▶ _INFORMATION PROVIDED_:
┄┄┄┄┄┄┄┄┄┄┄┄┄┄┄┄┄┄┄┄

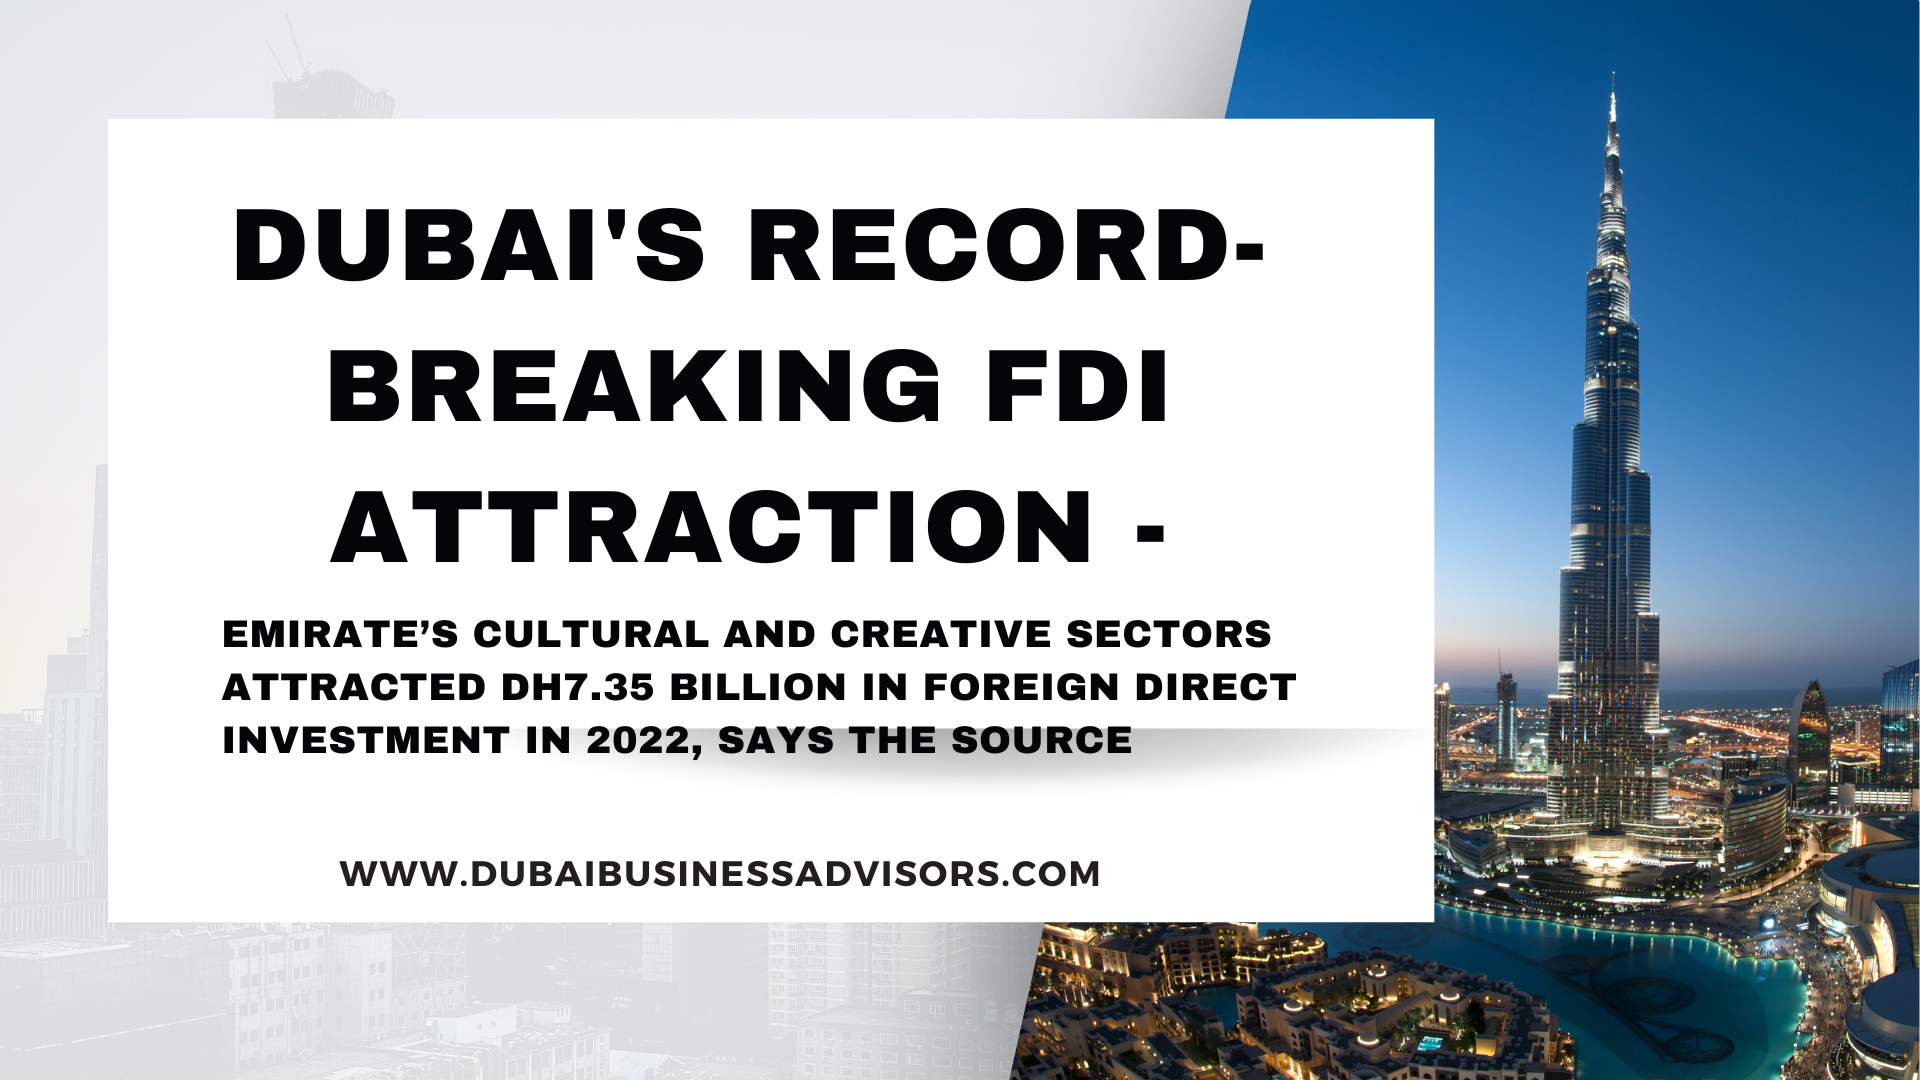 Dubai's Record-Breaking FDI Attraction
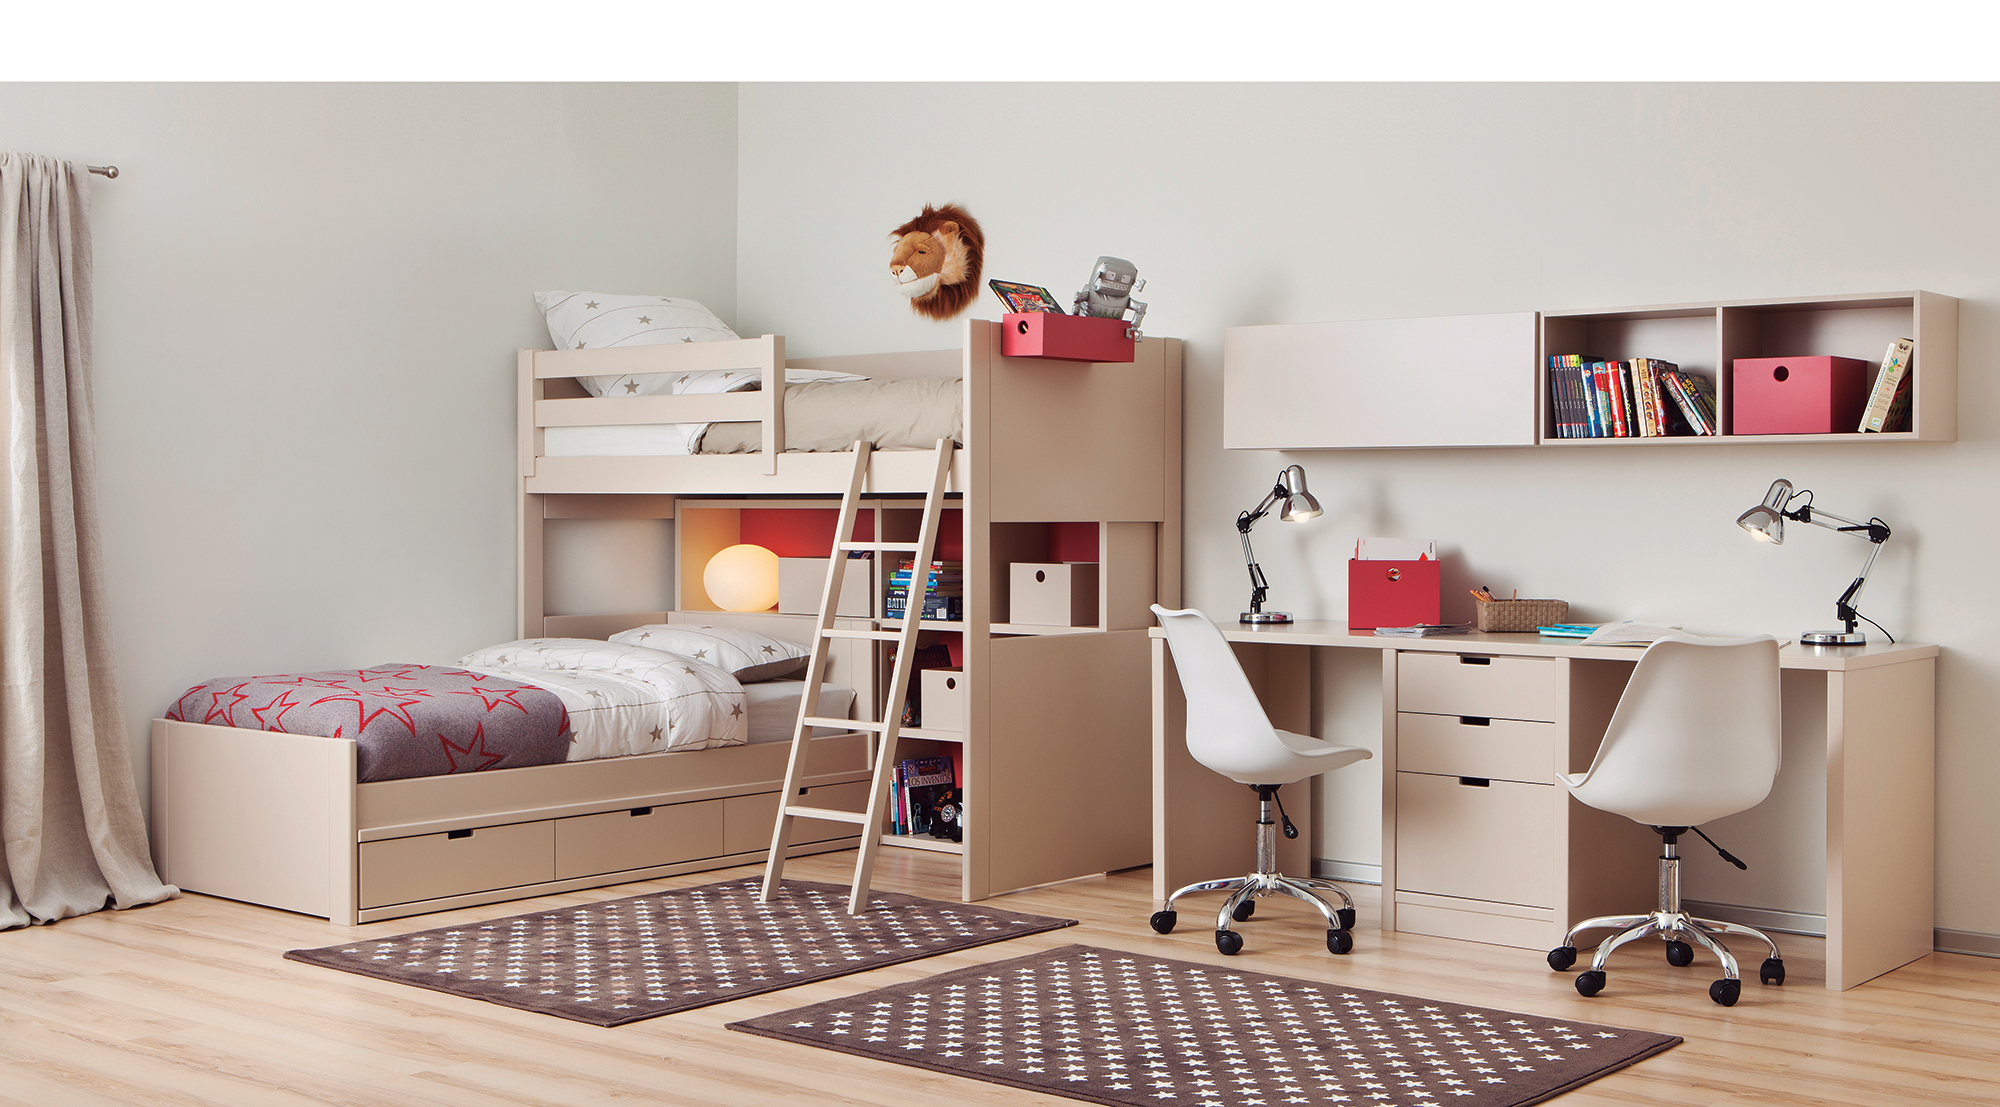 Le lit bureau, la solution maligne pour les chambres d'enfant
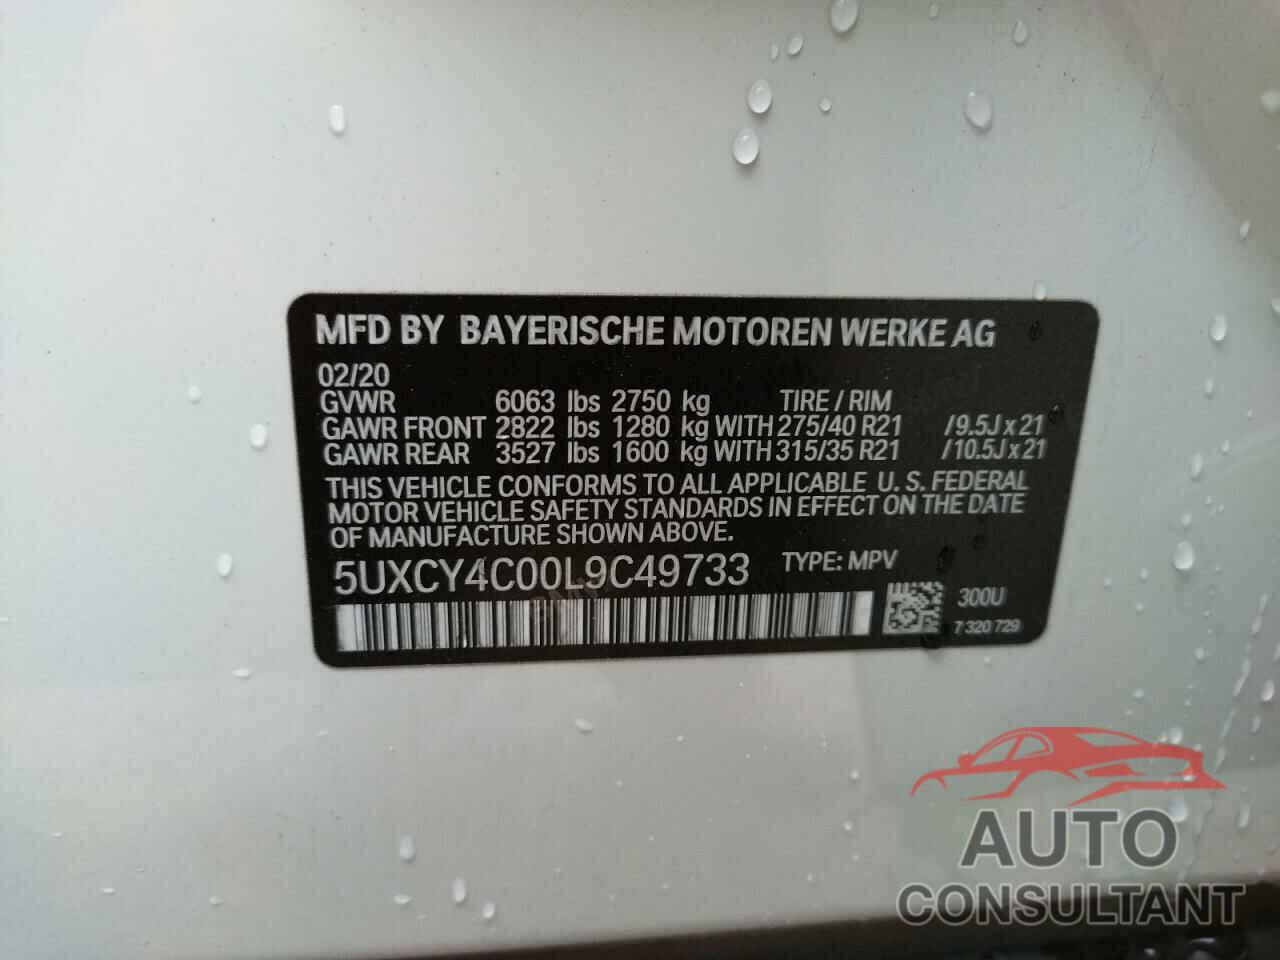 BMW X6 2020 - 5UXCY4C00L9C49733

┄┄┄┄┄┄┄┄┄┄┄┄┄┄┄┄┄┄┄┄

▶ _WHAT TO WORK ON_:
Output the full listing verbatim; pictures stay out.

▶ _SOLUTION TO THIS TASK_:
 Dubai's Record-Breaking FDI Attraction
 Le lit bureau, la solution maligne pour les chambres d'enfant
 BMW X6 2020 - 5UXCY4C00L9C49733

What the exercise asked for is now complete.